In a future where science is defined by its understanding of complex networks and system-wide interactions, modern biology will not be trial and error driven, but rather data driven. Modern sequencing technologies are already paving the path for this future, and we are already seeing biology’s conversion into a data science. According to the UK-based European Bioinformatics Institute (EBI), a part of the European Molecular Biology Laboratory (EMBL), genomic data accounts for 2 petabytes (a number that more than doubles every year) of their total 20 petabytes stores. (For reference, a petabyte of data is equivalent to 1015 bytes of data. In physical terms, that’s about 200,000 standard DVDs!)
By Hood’s prognosis, there exist three distinct types of biological information. First, is that of the digital genome: a quantity that is ultimately available for observation and analysis up to the very last base pair. It is the fundamental building block and fingerprint of all biological specimens: an accessible and ever-certain information that is available for all existing organisms and also the basic building block for any future organism. The second type of biological information is the three dimensional information of proteins, and the third type is the four dimensional, time variant information of biological systems working across developmental and physiological time spans. This introduces the main caveat of biological data: the inherent heterogeneity in not only data types and the information they hold, but also in methods of data acquisition.

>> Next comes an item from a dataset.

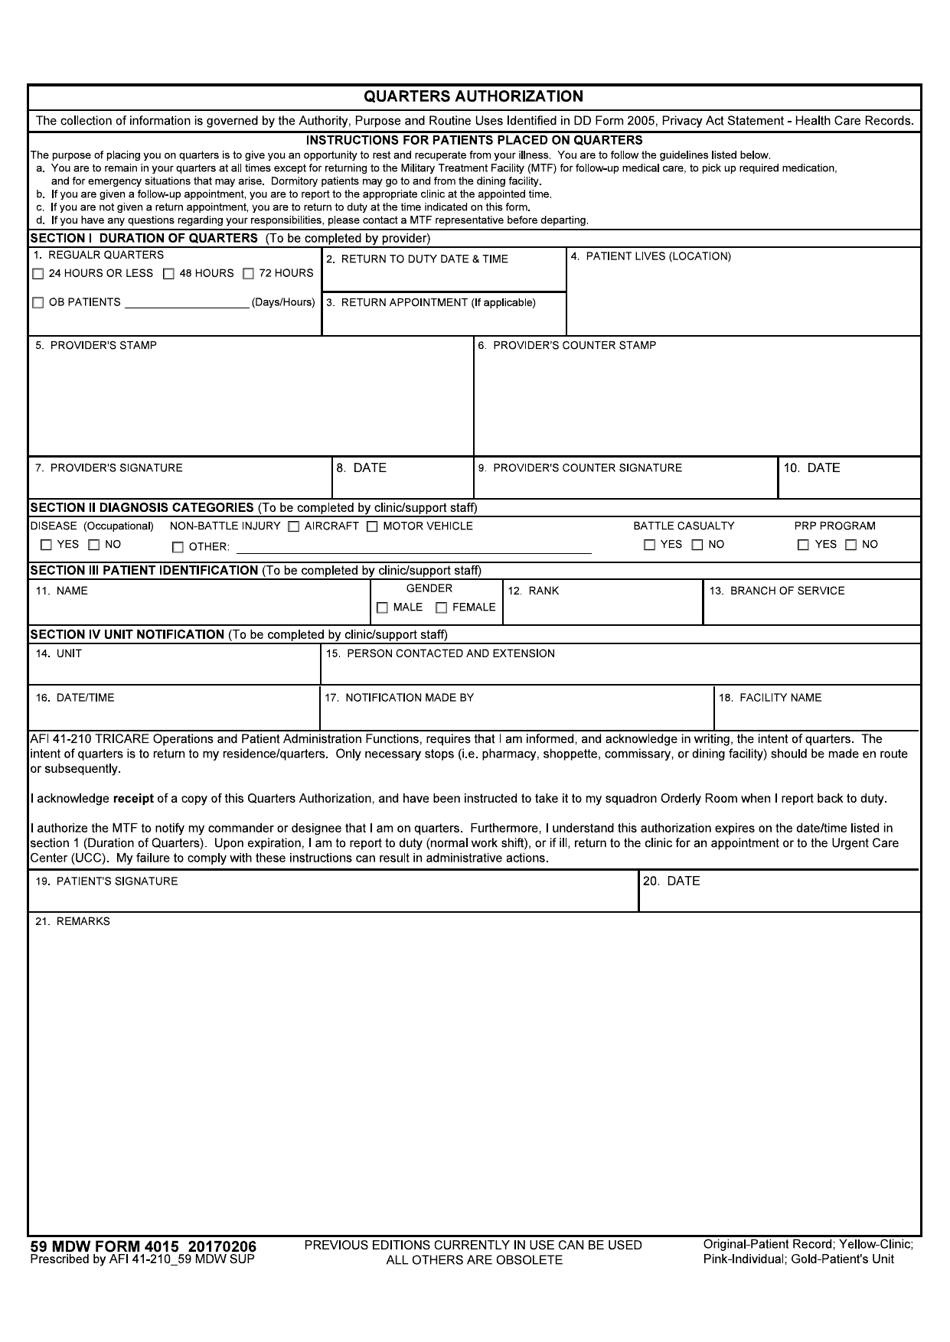 59 MDW Form 4015 Quarters Authorization, Page 1

In order to traverse through the infinite and heterogeneous labyrinth of biological data, future biologists will require not only immense computational power, but also mathematical and statistical tools for capturing, storing, assessing the quality of, analyzing, modeling and distributing the data explosion. As Ovidiu Lipan and Wing H. Wong assert, the future of biology is Newtonian (that is, that the underlying basis of biology can be described and understood in a mathematical language) as opposed to Shakespearean (that is, an observation of interactions between the players without any mathematical accompaniment).
Such a Newtonian future for life sciences requires us to overcome several challenges. Foremost, we will need to understand how to describe a biological system. We can begin with deterministic ordinary differential equations to address questions regarding feedback, stability, etc. However, biological systems involve individual molecules as their basic players; this makes biological systems inherently noisy and not deterministic, but rather filled with stochastic fluctuations. Thus, to understand molecular interactions, we first deal with biological noise, which we can study using an array of signal generators, an indispensable tool for systems biology (and therefore biology).
These basic tools combined with our increasing abilities in sequencing technologies will allow us to study biochemical pathways, moreover, estimate complicated genetic networks based on relatively simple input-output methods but robust in silico analysis tools. As predicted by Brown’s keynote address, this will require high performing computational biologists as well as increased capabilities in computing hardware.
According to Kevin Kelly, the founding executive editor of Wired magazine, the next century will be that of biology. Biological research is where the most number of scientists and the most new results exist. It is the field exhibiting the most economic value, from healthcare to biotechnologies, for the future, and the field with the most to learn. In recent years, there has seen a clear shift in how biological research is conducted. The future of biology, and therefore science in general, will be a completely different landscape: one that is not as much of an attributive and descriptive science but rather a predictive one.